> TASK REQUIREMENTS
An exact copy of the data is required, with no pictures in it.

> GIVEN MATERIAL
- Opening Delimiter -
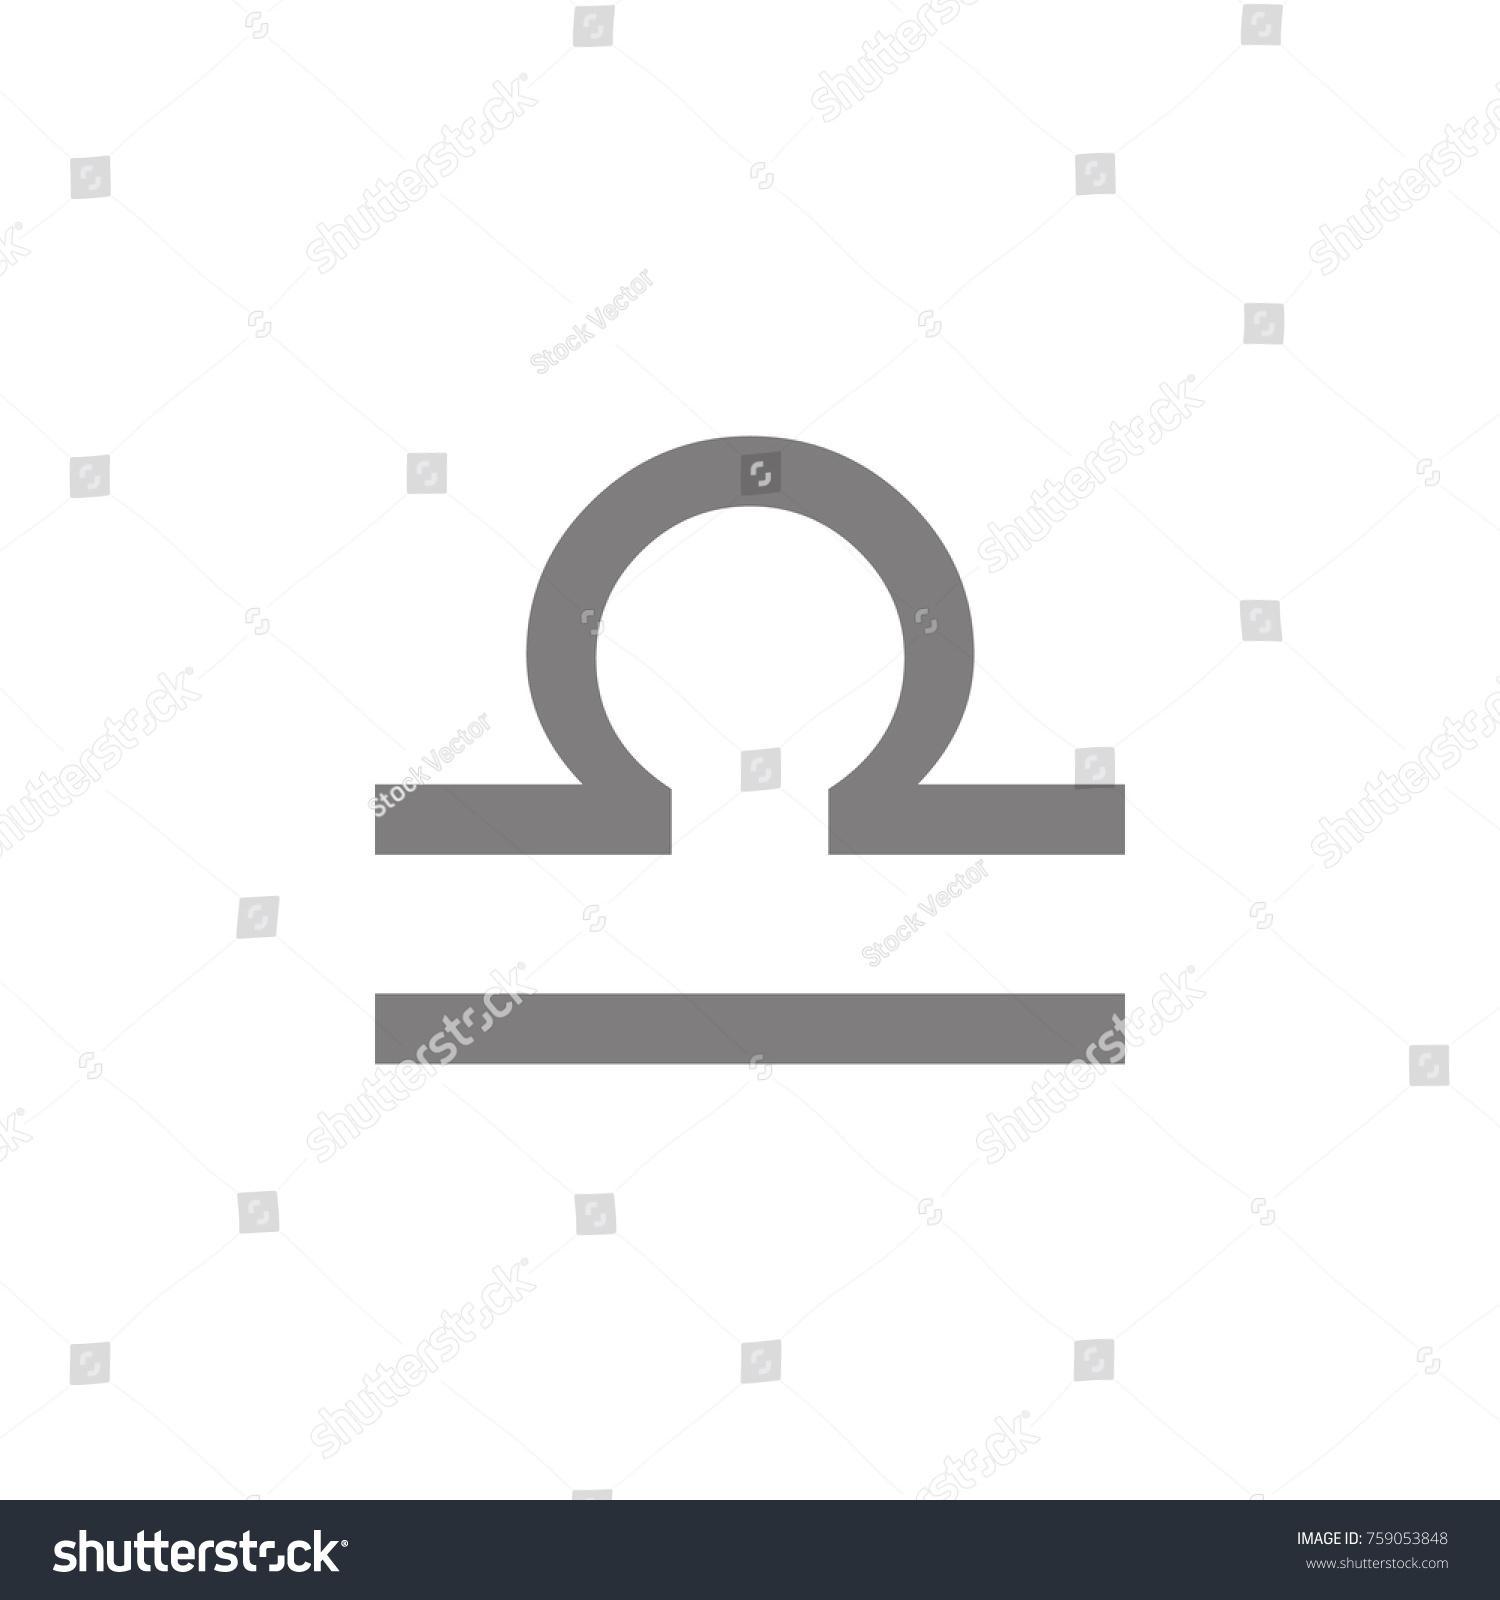 Libra icon symbol scales icon web stock vector 759053848 libra icon symbol scales icon web element premium quality graphic design signs symbols biocorpaavc Choice Image
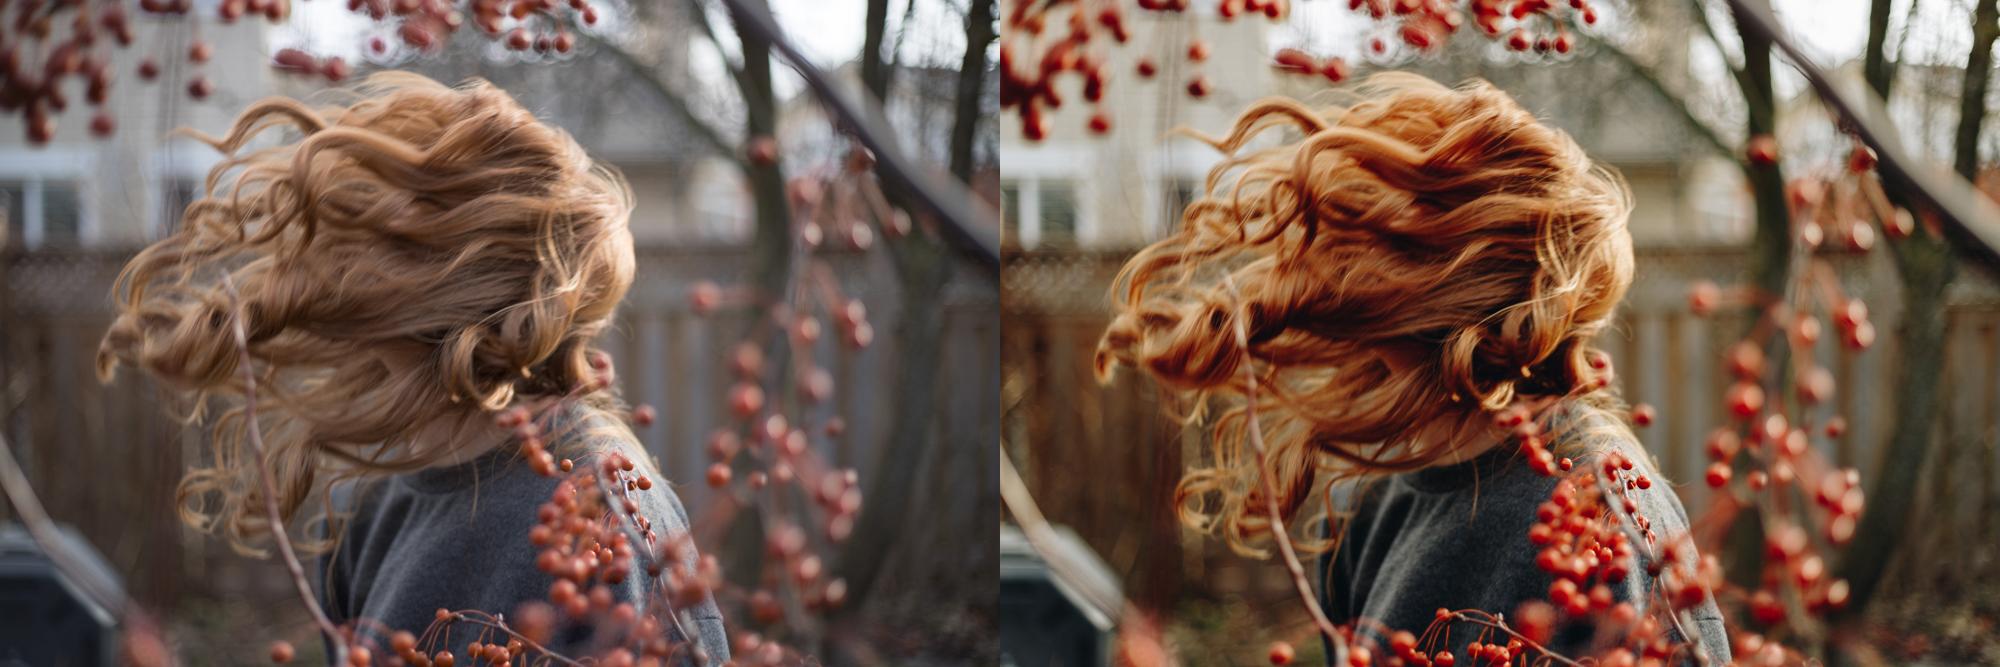 Megan Breukelman Fall Day 3.jpg
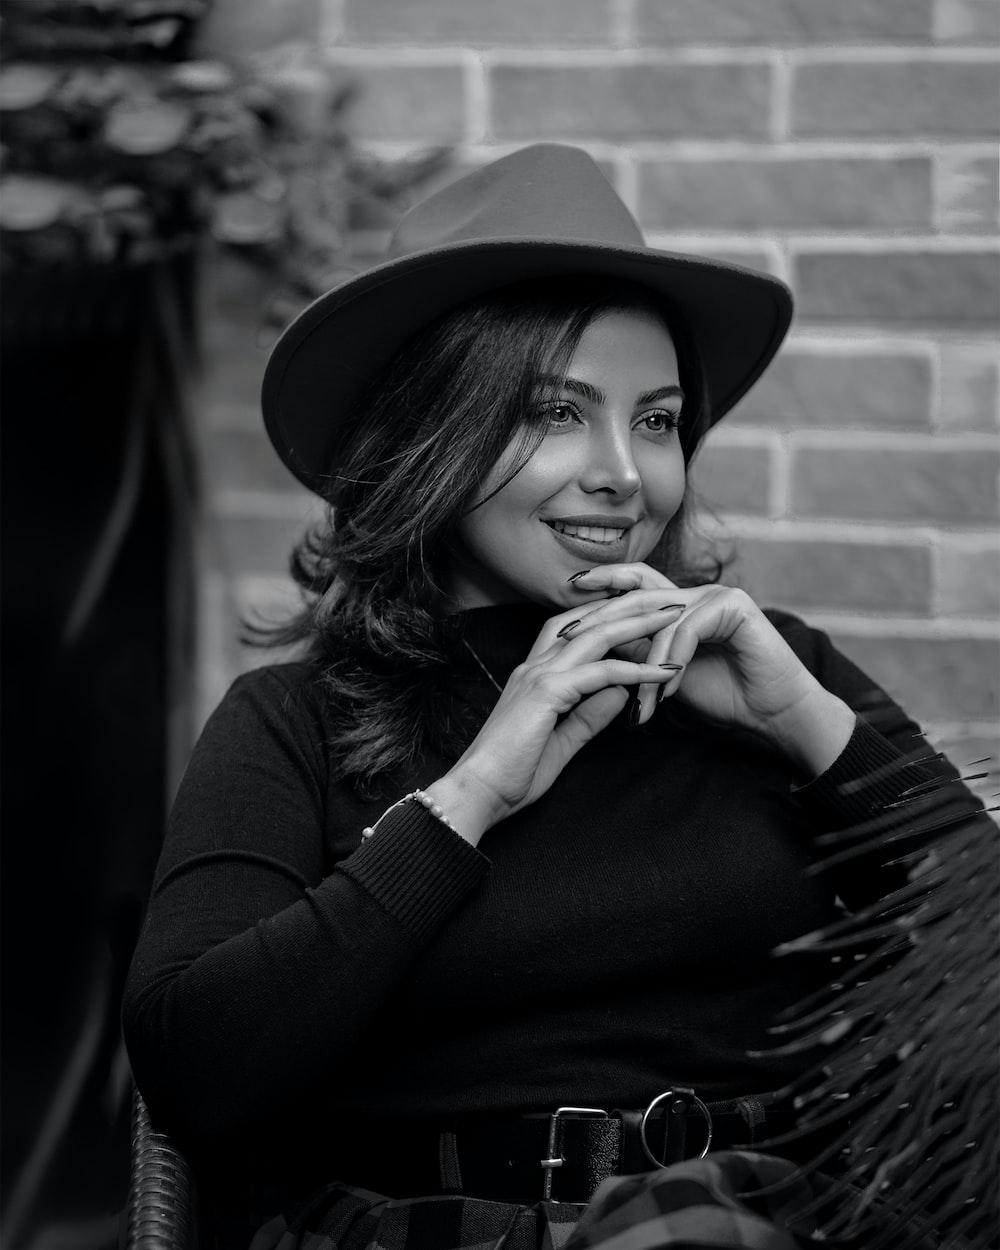 woman in black long sleeve shirt wearing black hat
- Closing Delimiter -
> ANSWER SPACE
 Libra icon symbol scales icon web stock vector 759053848 libra icon symbol scales icon web element premium quality graphic design signs symbols biocorpaavc Choice Image
 Megan Breukelman Fall Day 3.jpg
 woman in black long sleeve shirt wearing black hat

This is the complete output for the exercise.